“Product Creation = Value Creation; Pick only three features to test.”
This is the second article in my series on Phoenix Startup Week (PSW). This week I wanted to share some of the insights on funding startups including bootstrapping, buying money, and borrowing money.
Sarah Benken, the founder of Metros Other Woman, runs a service that helps offload tasks from busy people. She bootstrapped (self-funded) her company and discussed how you could bootstrap yours.
First, she was very targeted. She grouped her buyers into buckets: old money, movers and shakers, women business owners, established entrepreneurs, mommy groups, and bachelors. Then she developed strategies for each group: what events to attend, where to advertise, what groups they belong to, and places they go.
Her second rule was to only pay for sales (get rid of big marketing spends). She had two key ways of doing this. She created an exclusive Brand Ambassador program and recruited people with a large social following. The Brand Ambassadors got free services and cash kickbacks for acquired customers. She has a simple Brand Ambassador agreement and used unique URLs to track results. Ambassadors also had to submit a monthly report.

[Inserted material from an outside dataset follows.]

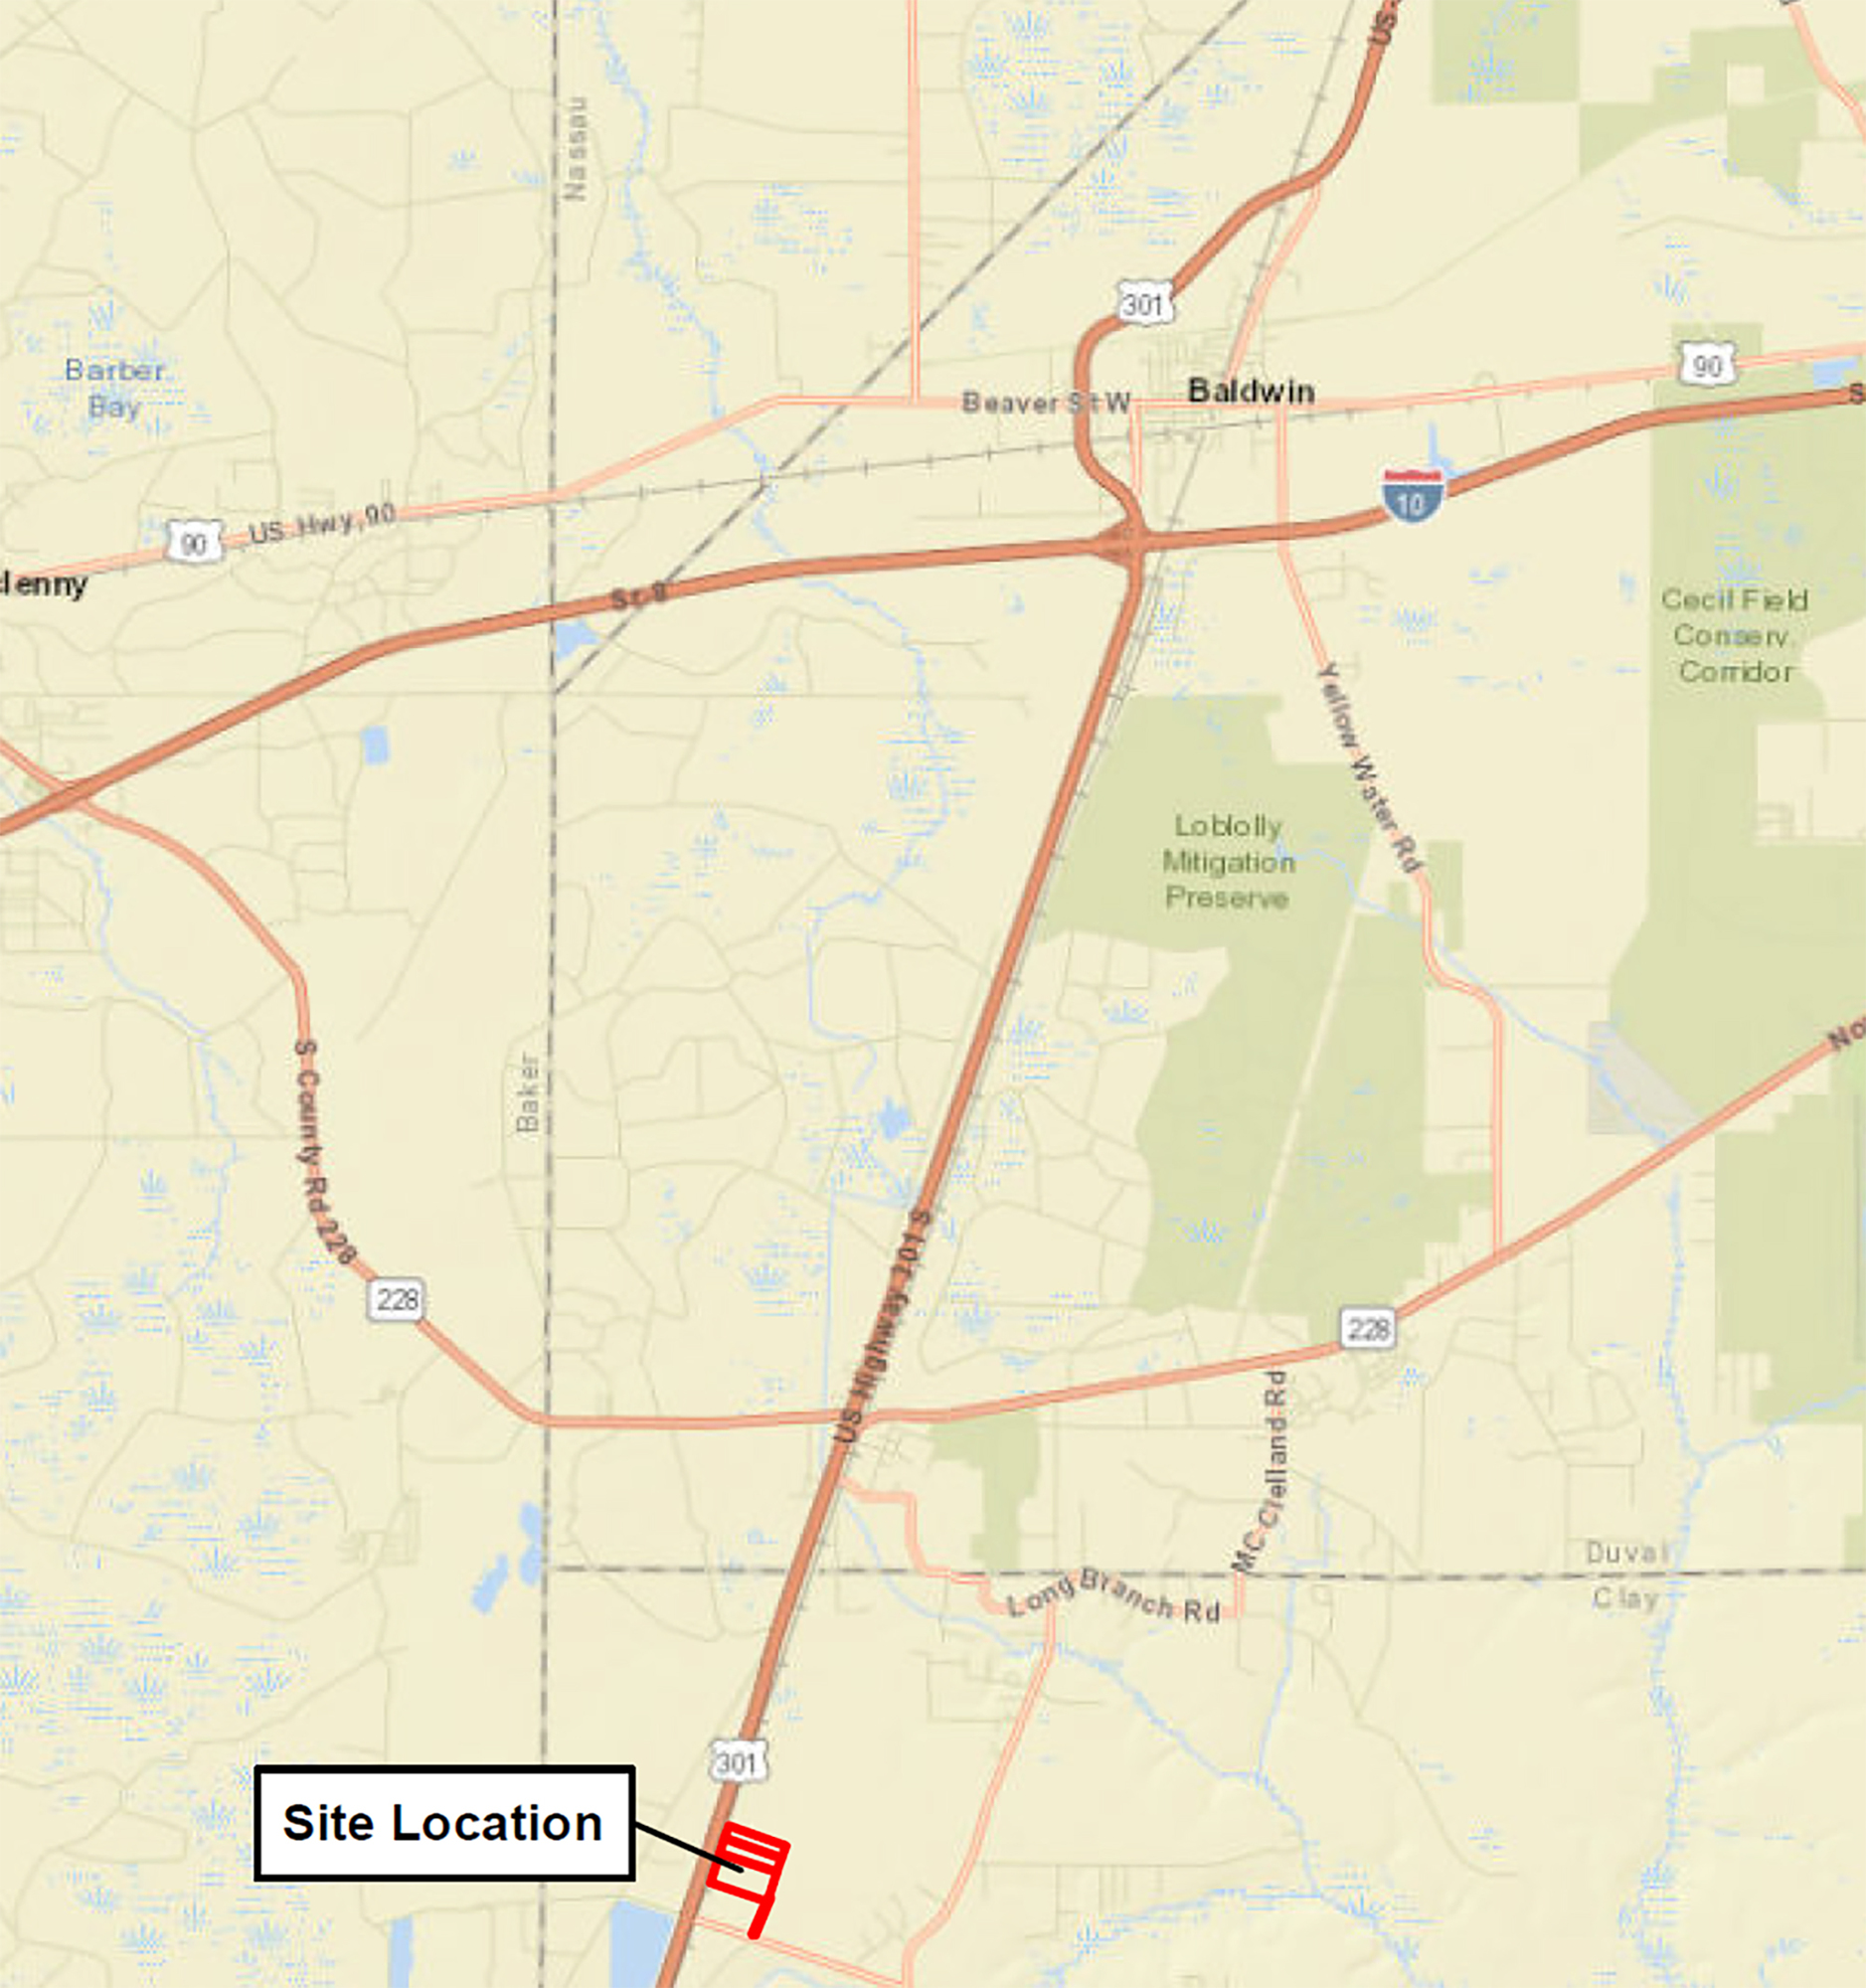 The project site is east along U.S. 301, at County Road 218 about 10 miles south of Interstate 10.

Her second rule was, don’t leave money on the table. For people that did not make the cut to be Brand Ambassadors, she created an affiliate program with smaller kickbacks, no free services, and no monthly reporting.
Gregory Lim is a strategic advisor and growth consultant. He helped Spiritual Gangster, a yoga clothing line, double their growth rate to $2M in revenue. If you get the marketing right, you can buy money. Here is his process:
- Start with Strategy – What is your brand and message.
- Gather Customer Insights – What makes your customers passionate? How do you make an emotional connection?
- Capture Actionable Data – Track the things you need to make decisions on, like the conversion rate.
- Launch and Learn – Perform small tests of hypothesis to see what works. Customers tell you what works.
- Scale What Works – Once you reliably get your Customer Acquisition Costs (CAC) to you Return On Investment (ROI) target, put more money into marketing. Sometimes you need to consider the Lifetime Value (LTV) of the customer and period to payback you need.
Craig DeMarco, the founder of Postinos (a nice wine bar in the Phoenix area), told his story about raising money to start his restaurant. He signed a lease on a property without having the funds to afford it. He had a one-page business plan and went to the nearest bank. The banker told him his plan wasn’t any good and would not fund him. He asked the banker what changes he would make. Then he had a two-page business plan. He went to 10 banks repeating this and having the bankers improve his business plan until finally, the last bank approved his loan. His father seeing his dedication decided to loan him the money instead. The rest is history.